InfoWorld: How are microservices and chatbots driving enterprises to an API-first strategy, the notion of which was posed in a description of your upcoming presentation?
Zavery: Chatbots are really an API-driven way of interacting and building using the underlying technology associated with chatbots. As a developer, you shouldn’t have to worry about the intent and all the algorithms and the AI and the neural network technology, which they use inside the chatbot in many cases. You want an ability to take your development APIs and say, this is an application I want to have interaction points from, and then underlying it could be a mobile app. It could be a chatbot-based interaction through messenger services like Facebook Messenger, V-chat, WhatChat. As a developer, you shouldn’t have to worry about using chatbots as long as you have the right kind of interface to it.
InfoWorld: Does Oracle have a story in AI and machine learning?
Zavery: We’ve been using a lot of machine learning-based algorithms underneath the covers for the products for many years, and if you look at some of the things we’re doing on the application side, we’ve been adding capabilities to do a lot of intelligent applications. What we’re now doing is exposing a lot of the neural network and ML algorithms through our interfaces and applications so as the developer, you don’t have to worry about learning how those things are built but you’re getting the advantage of it when you try using some of the platform pieces from us. For example, if you’re doing data cleansing, the way to do data cleansing and data inference as well as data blending has to be done a lot more intelligently than just doing a rule-based thing and that’s where ML and AI stuff happen.

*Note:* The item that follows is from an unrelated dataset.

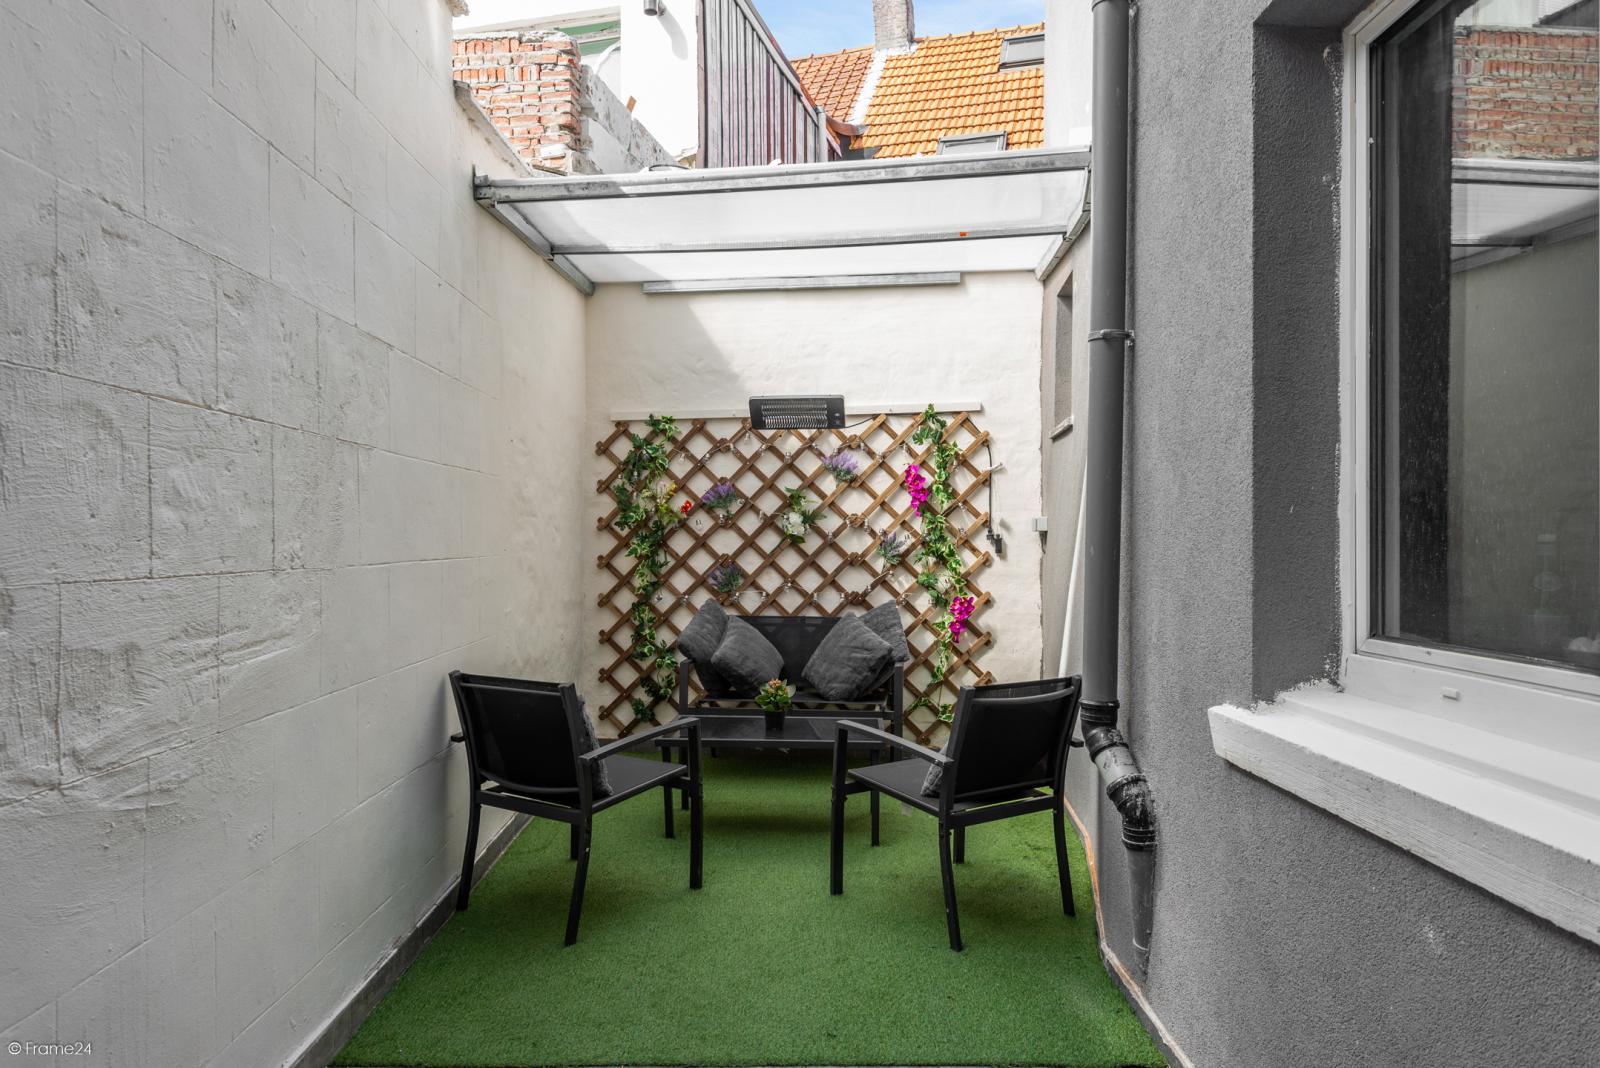 Zeer mooie bel-étage woning met inpandige garage en gezellige patio! afbeelding 13

InfoWorld: Oracle has gone from Larry Ellison’s famous “what the hell is cloud computing? ” remark to trying to become a major player in cloud. Why should enterprises go with Oracle instead of Google, Microsoft Azure, Heroku, or other platforms?

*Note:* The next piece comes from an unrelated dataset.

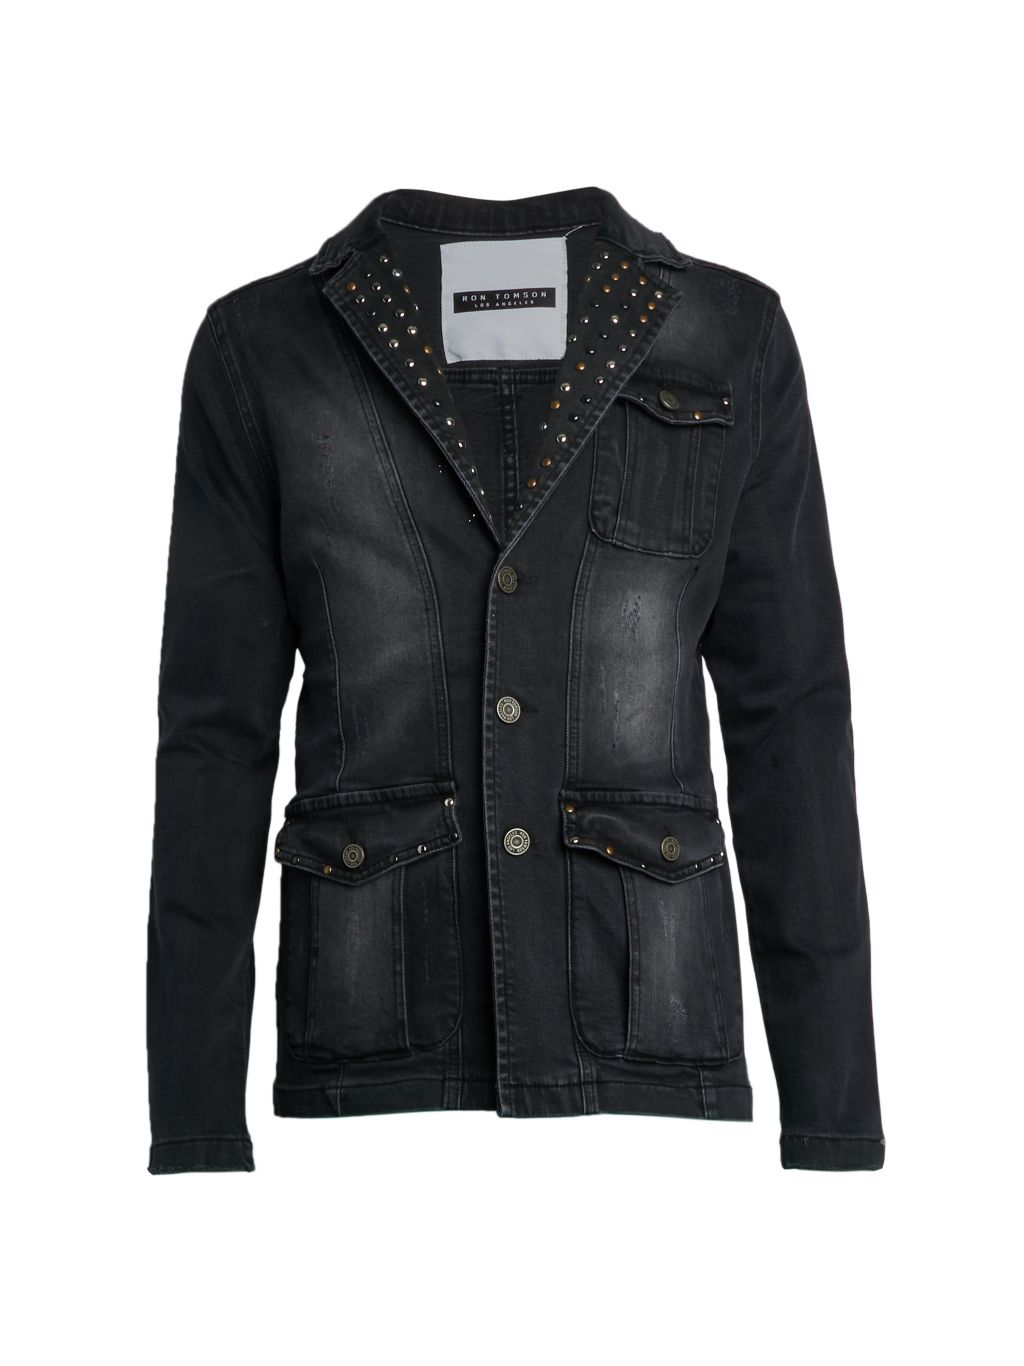 RON TOMSON Artist Studded Denim Jacket

Zavery: There are many differentiations. One is, we’ve been very clearly working on this for many years. Irrespective of whatever the perception might be, we have been investing in the cloud for 10-plus years. If you add all the things we’ve been doing over the last six or seven years, we have a full track record of having a full-blown cloud platform available to thousands of customers using it today. It’s a full, integrated stack all the way from apps to platform to infrastructure, so it’s a well-thought-out modern architecture. We’re using a lot of open source technology, a lot of standards-based technology, and we’ve kept it flexible enough for customers to deploy this in the cloud or their own data center. As a customer, you are not locked into one way of doing things.
InfoWorld: What does Oracle provide as a way to move to another cloud?
Zavery: We allow you to move data very easily. All the applications and the business logic are standards-based so we can support other databases in our cloud. We have the ability to take the full stack we have on our cloud and run it at a customer site if you choose, so you’re not completely beholden to running it in the public cloud.